— Ладно, хватит льстить, скорее подавай ослятину, — нетерпеливо проговорил я, довольный, но никак не выказывая этого — нынче я был человек непростой, никак нельзя позволять этим людишкам постигнуть твою внутреннюю жизнь. Хочу казаться им таинственным, непростым, чтобы они забывали мой возраст, чтобы меня боялись.

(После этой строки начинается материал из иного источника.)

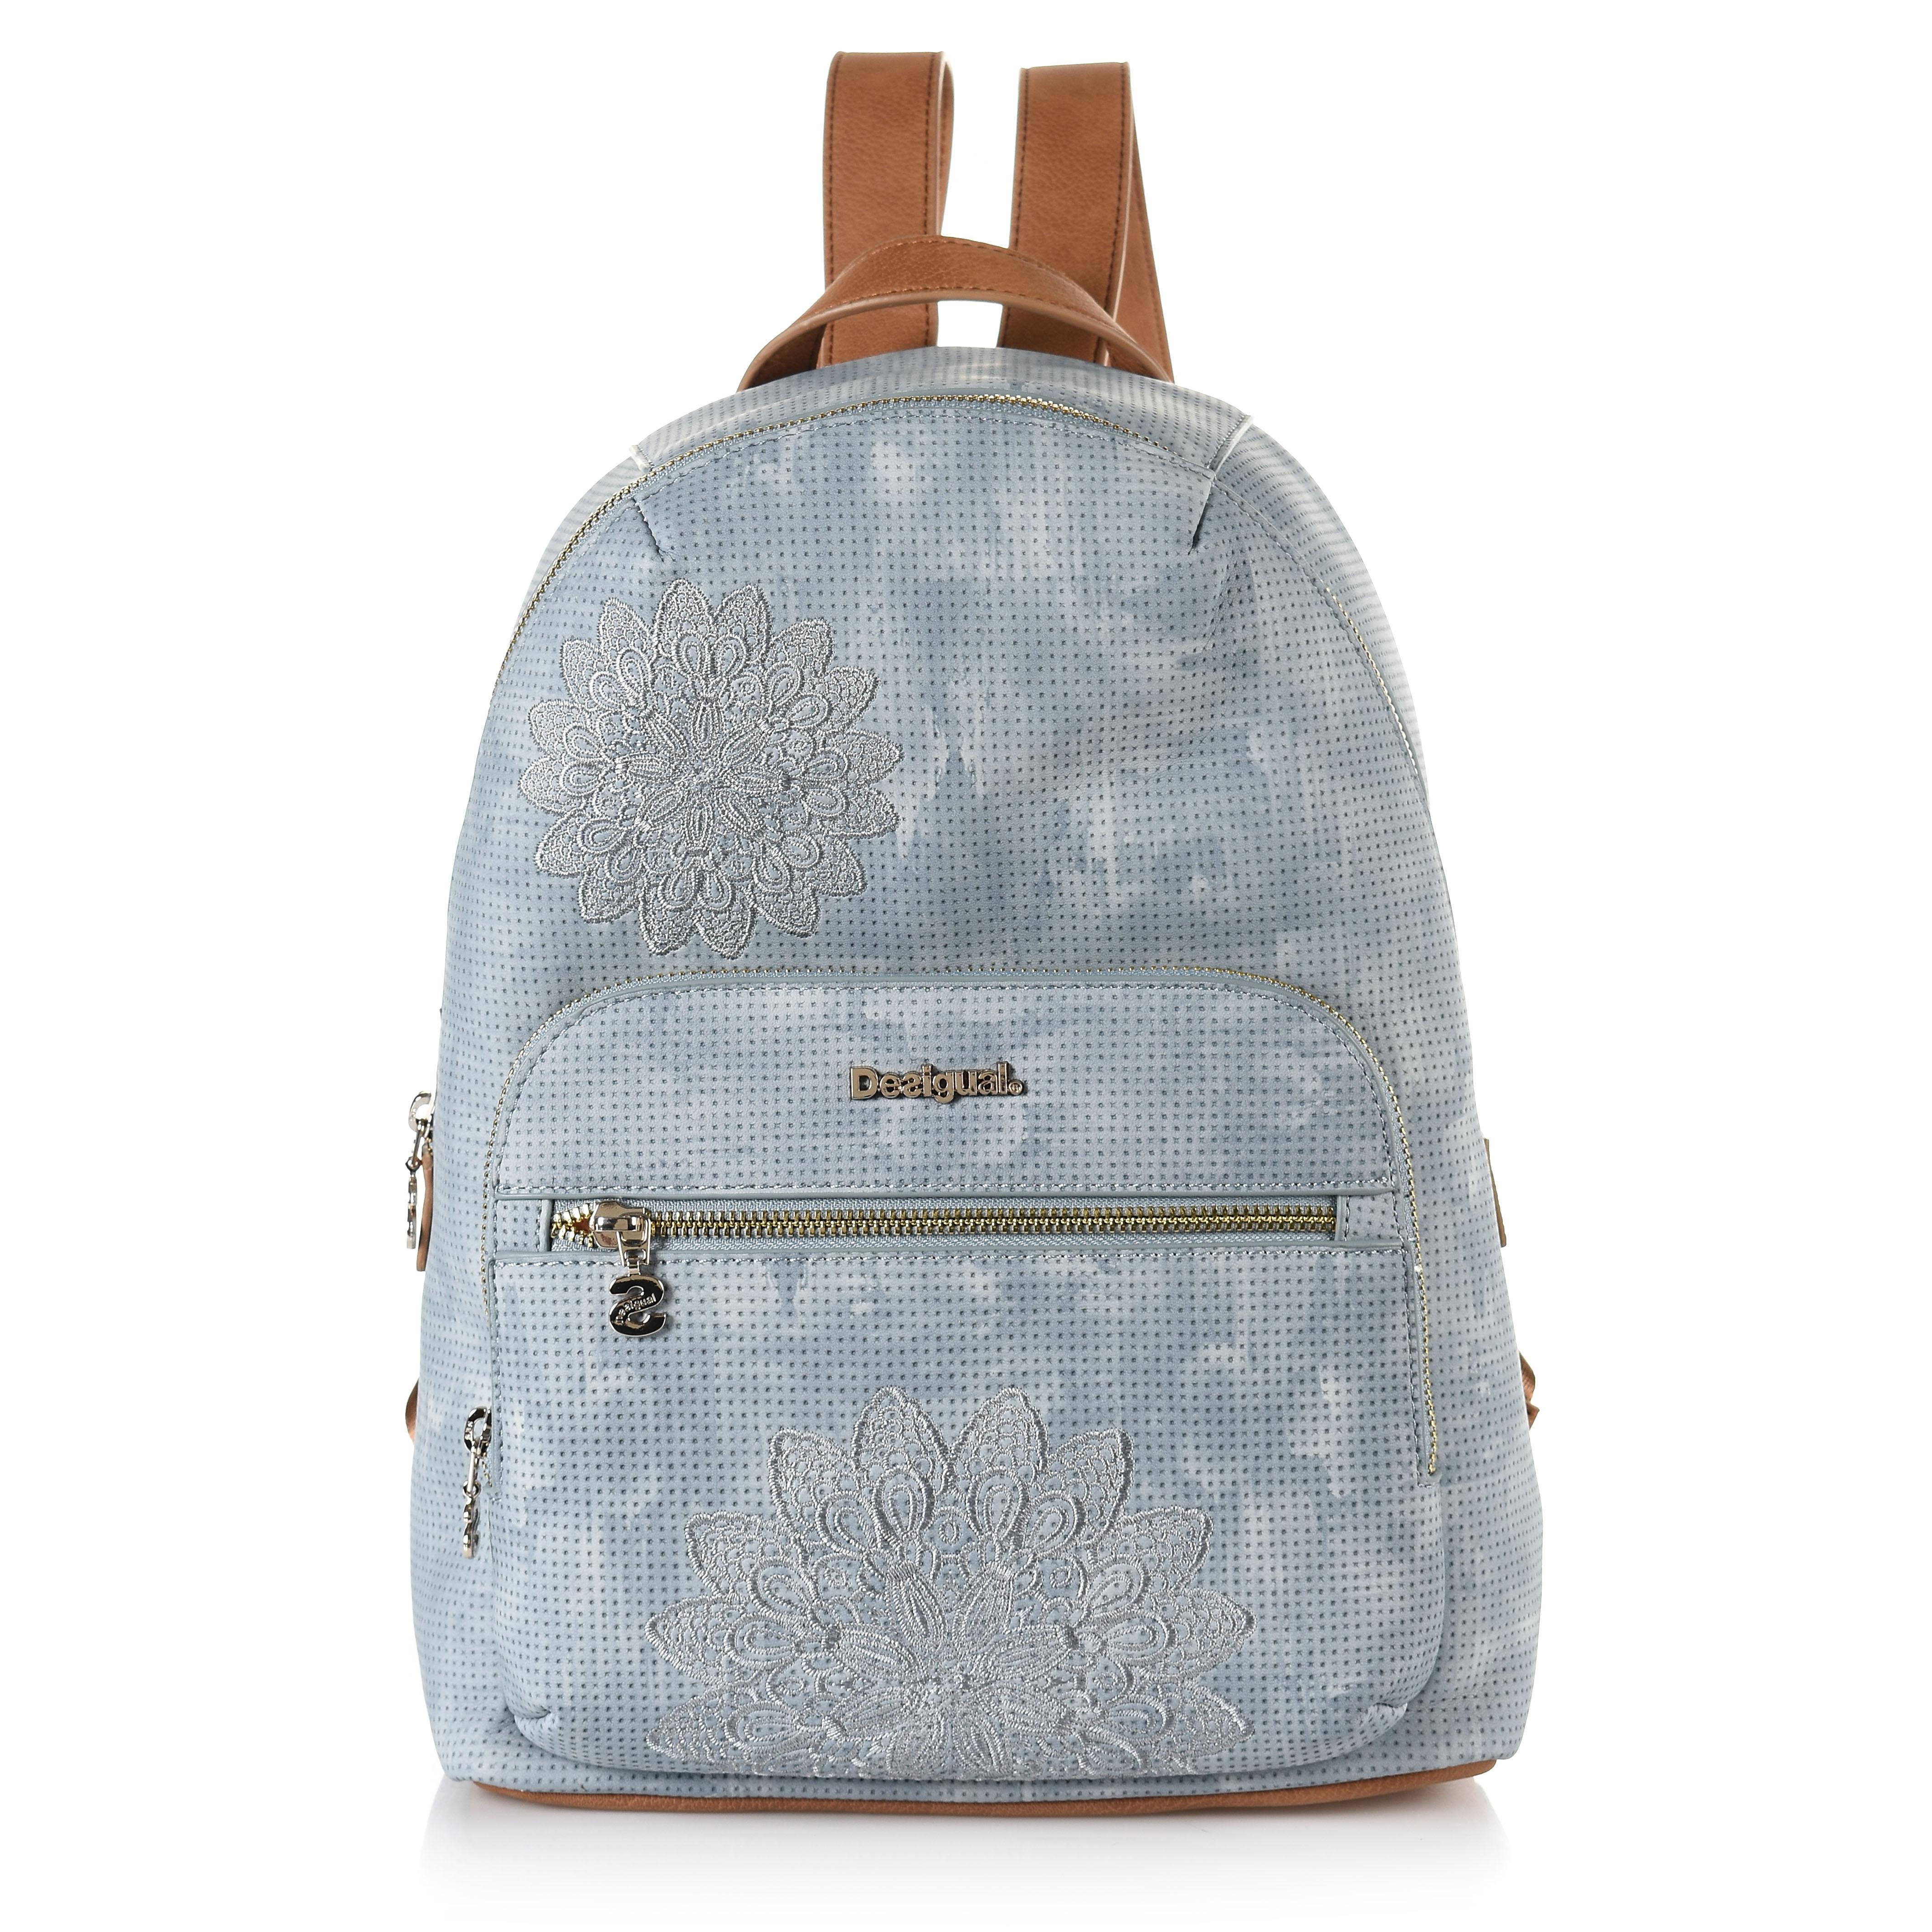 11302ad1e2 Brand Bags Σακίδιο Πλάτης Desigual Bols Atila Lima 19SAXPG6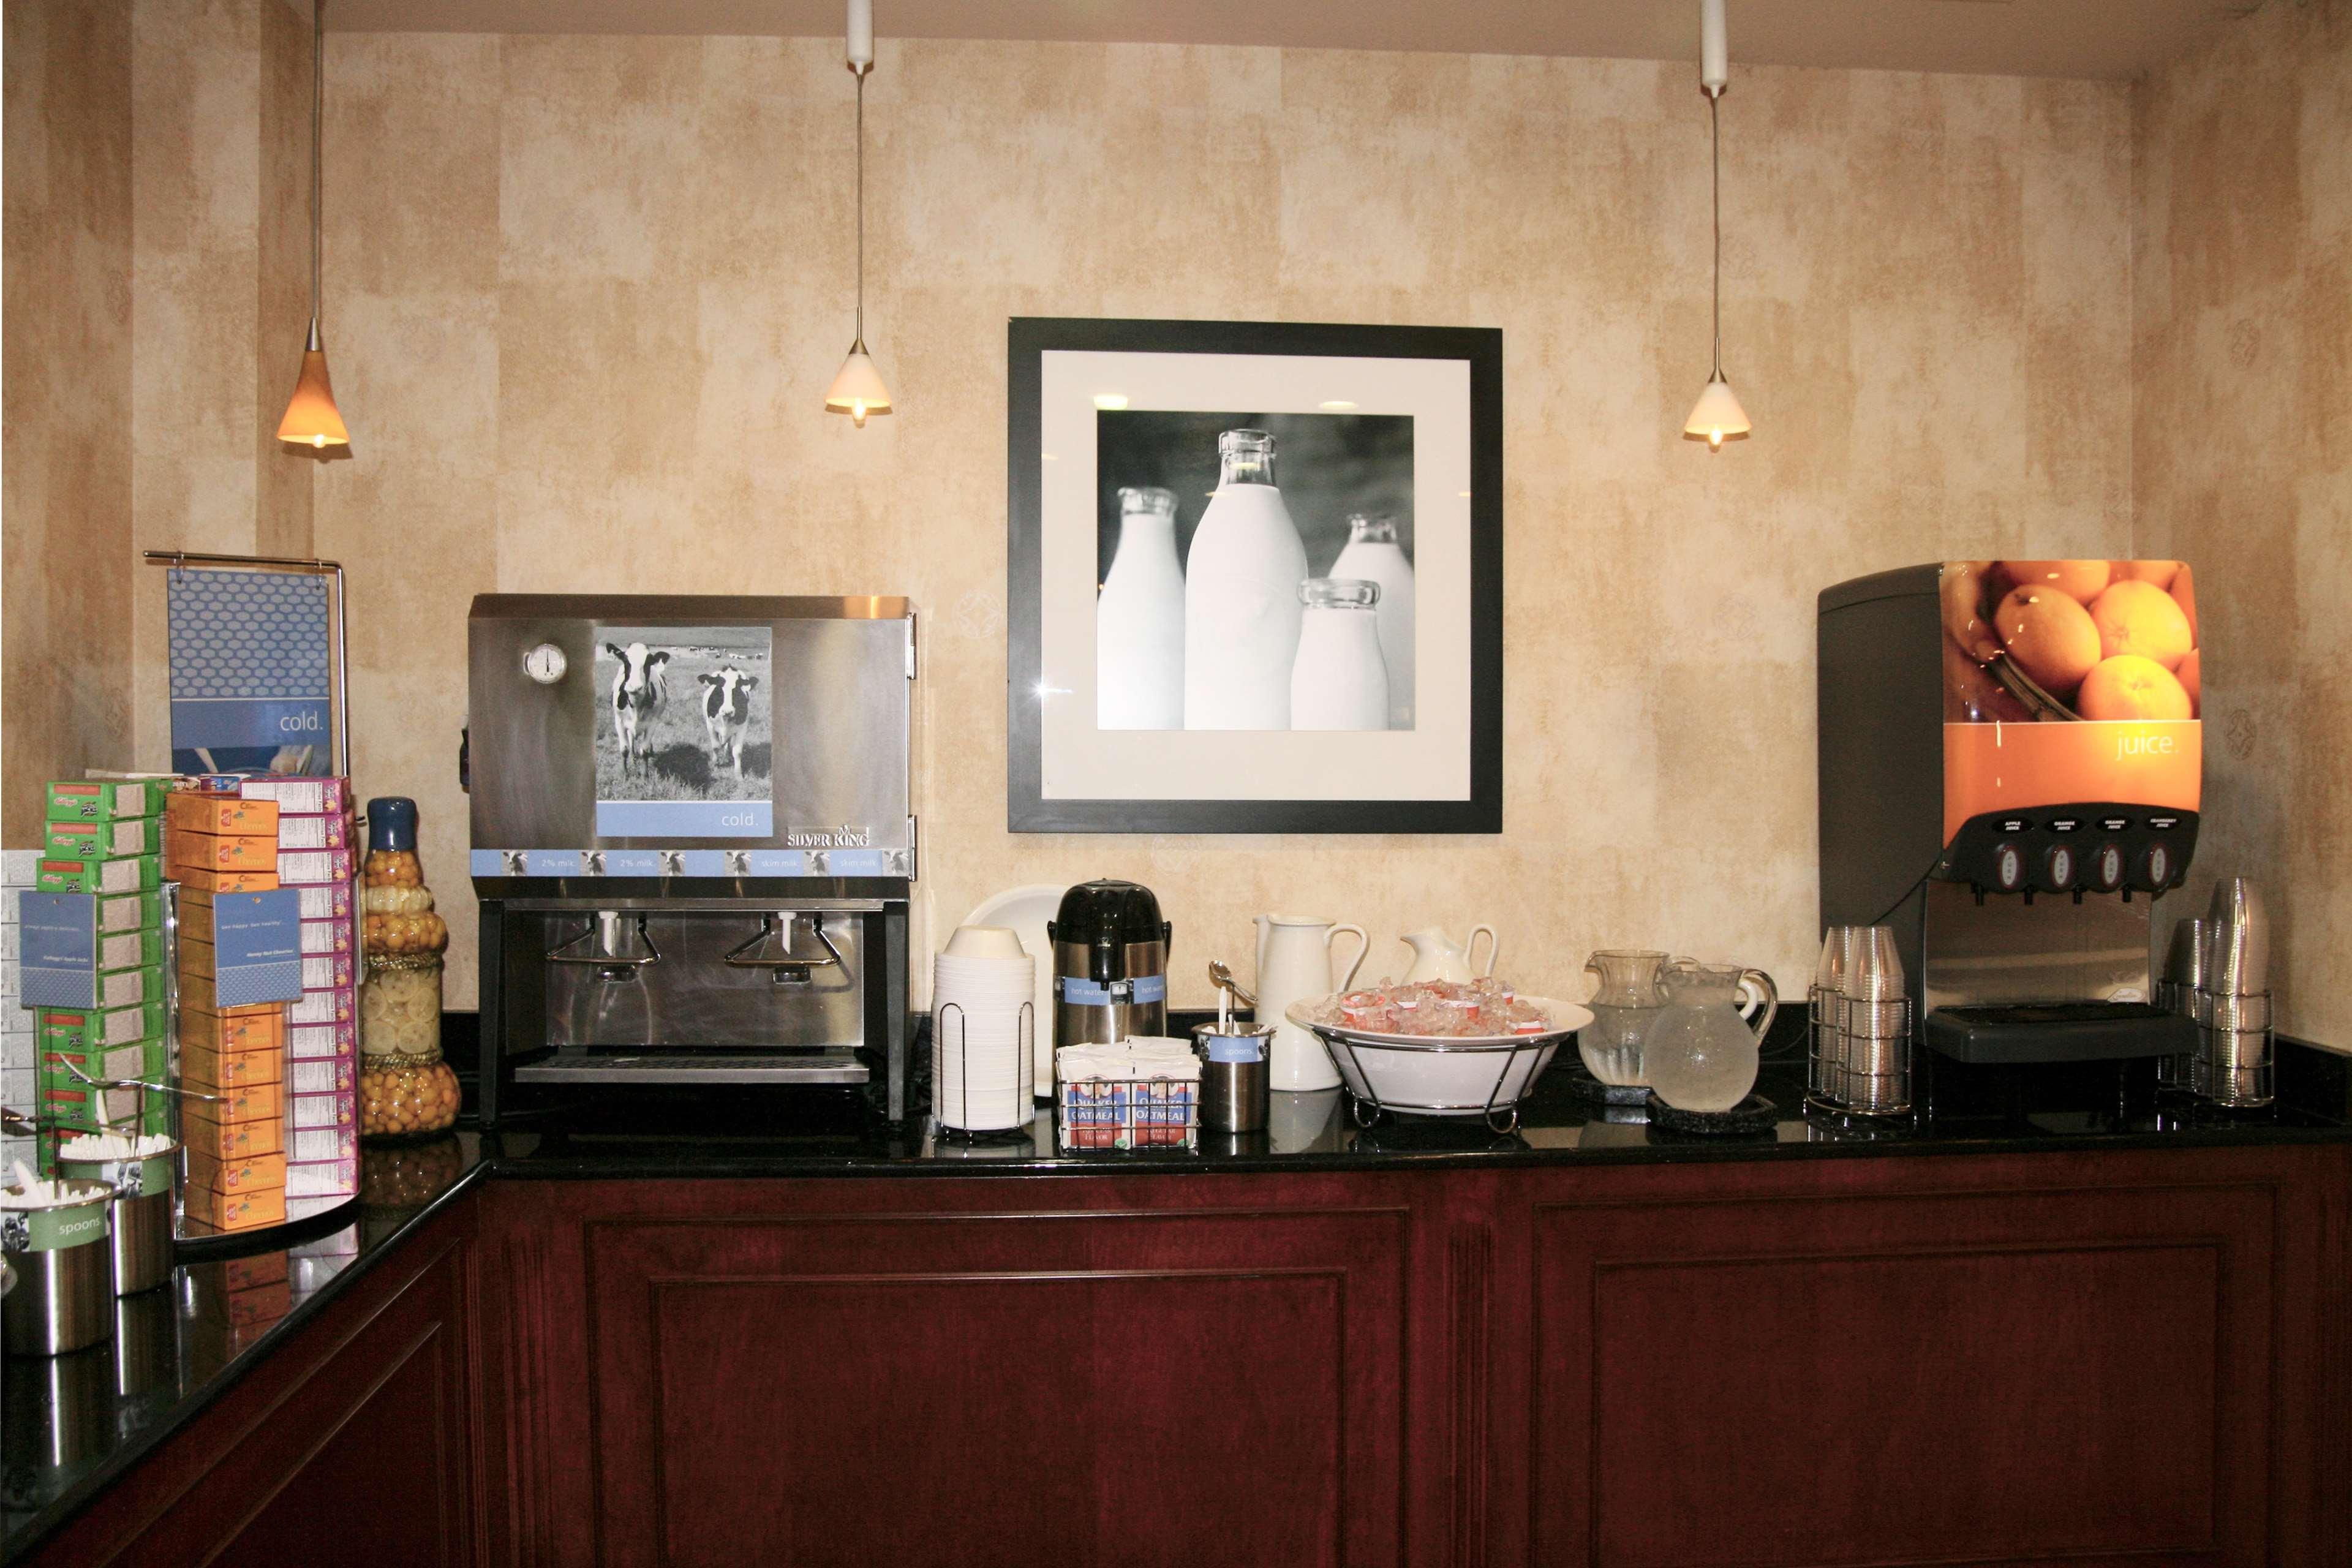 Hampton Inn & Suites Bolingbrook image 15

Из высокого шкафа за плитой Хуан Бяо достал ослиное мясо, завёрнутое в свежие листья лотоса, и положил передо мной на табуретку. Думаю, я уже объяснял, что в то время в силу своего особого статуса и положения я вполне мог велеть Хуан Бяо отнести мясо мне в кабинет и поесть там. Но я из тех, кто серьёзно относится к тому, где есть, как леопард и тигр, которые, независимо от того, где схватили добычу, отволакивают её в облюбованное ими место и там спокойно едят. Тигр утаскивает еду к себе в логово, леопард любит затаскивать её на высокое дерево, где он живёт. Беззаботно поесть в знакомой спокойной обстановке — это и есть наслаждение. С тех пор, как я через сточную канаву проник на мясокомбинат и наелся до отвала мяса на кухне, к этому месту у меня сформировалось нечто вроде горячей любви, похожей на условный рефлекс. И ещё я должен сидеть на низком табурете, а передо мной должна стоять высокая табуретка, и я должен есть из тазика, поглядывая в котёл. По правде говоря, причиной того, что я захотел попасть на мясокомбинат, что работал не покладая рук, было как раз желание чинно сидеть здесь и есть мясо, а не так, как раньше — по-собачьи вылавливать из сточной канавы, жевать, воровски оглядываясь, потом вылавливать ещё кусок. Если можешь себе представить чувство вины, которое я испытывал, поедая мясо, выловленное из сточной канавы, то, наверное, поймёшь, ради какой цели я так стремился на комбинат.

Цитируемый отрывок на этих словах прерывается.